# Available data
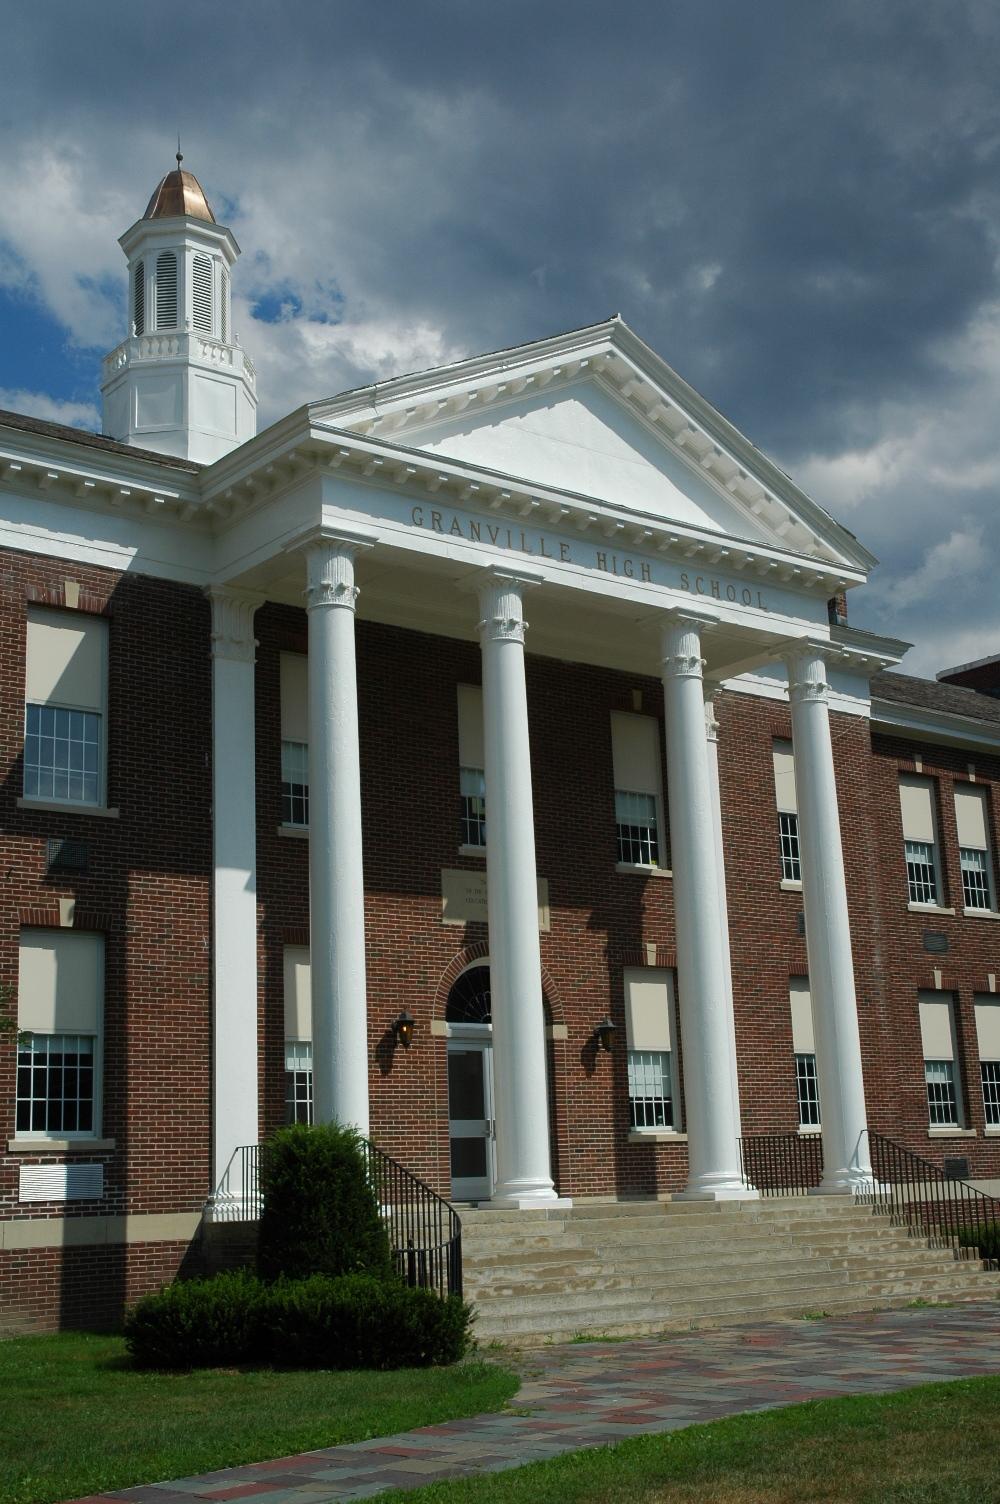 School planning virtual and in-person graduation ceremonies
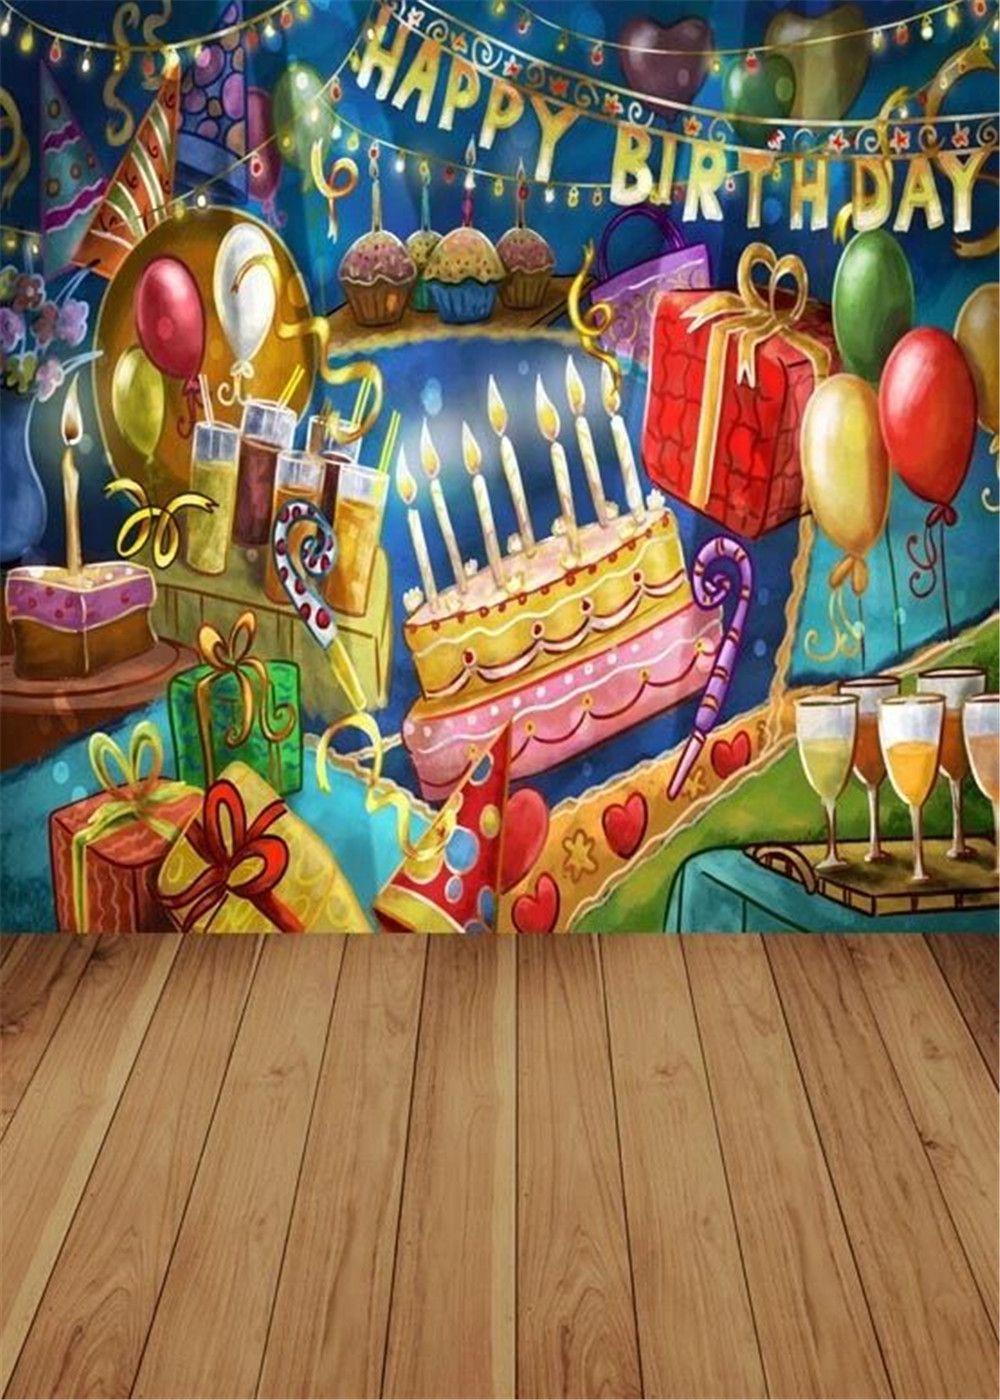 Graffiti wall vinyl - 2017 Graffiti Wall Happy Birthday Photography Backdrops Vinyl Printed Cake Gift Boxes Balloons Children Photo Studio Background Wood Floor From
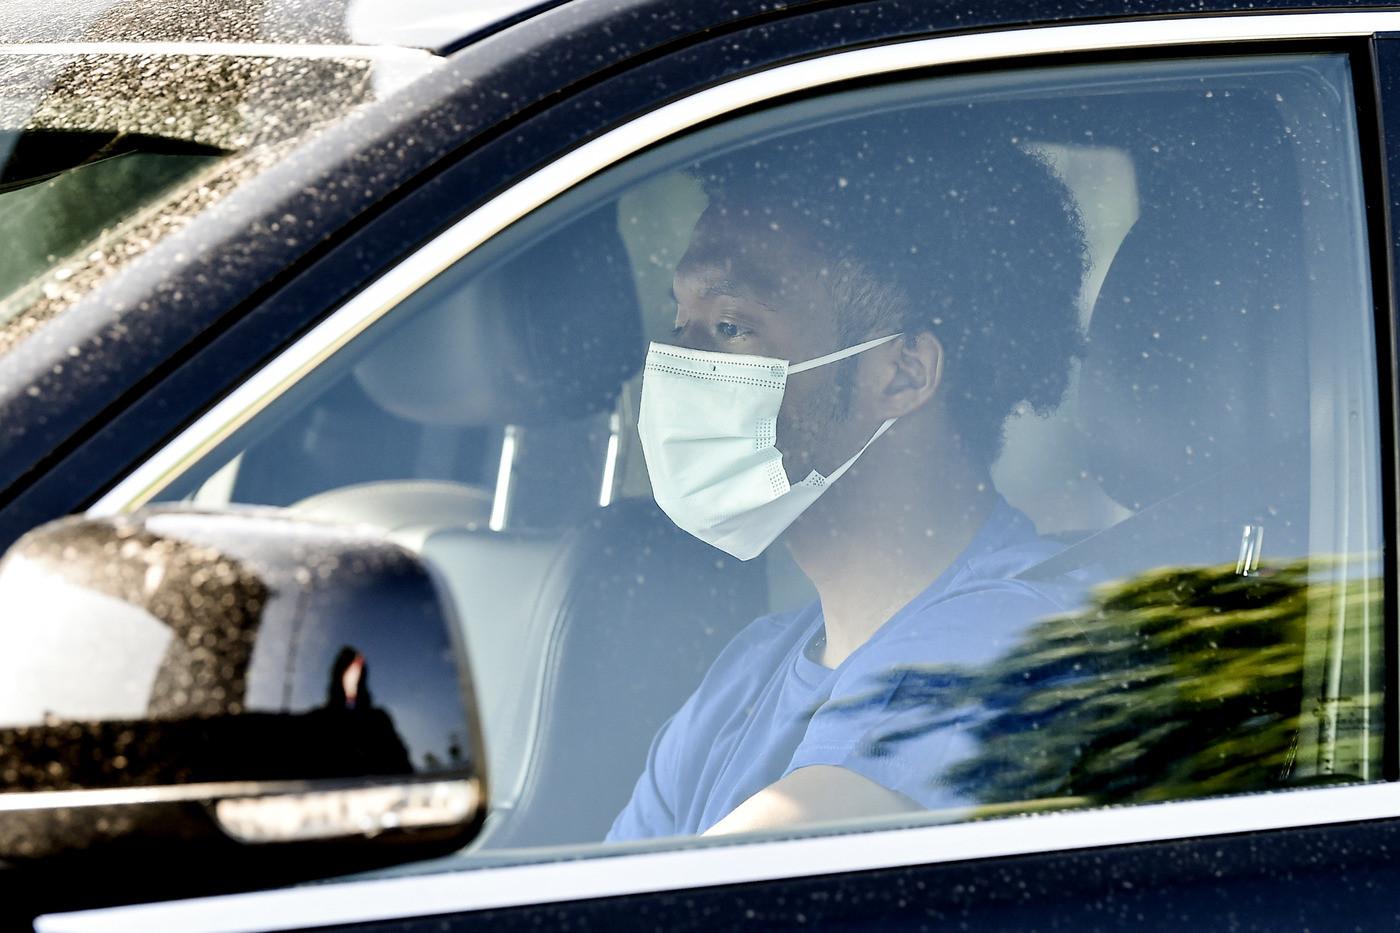 Serie A: Coronavirus, La Juventus arriva alla Continassa

# Exercise brief
Set down the complete material exactly, but do not include the images.

# Exercise result
 School planning virtual and in-person graduation ceremonies
 Graffiti wall vinyl - 2017 Graffiti Wall Happy Birthday Photography Backdrops Vinyl Printed Cake Gift Boxes Balloons Children Photo Studio Background Wood Floor From
 Serie A: Coronavirus, La Juventus arriva alla Continassa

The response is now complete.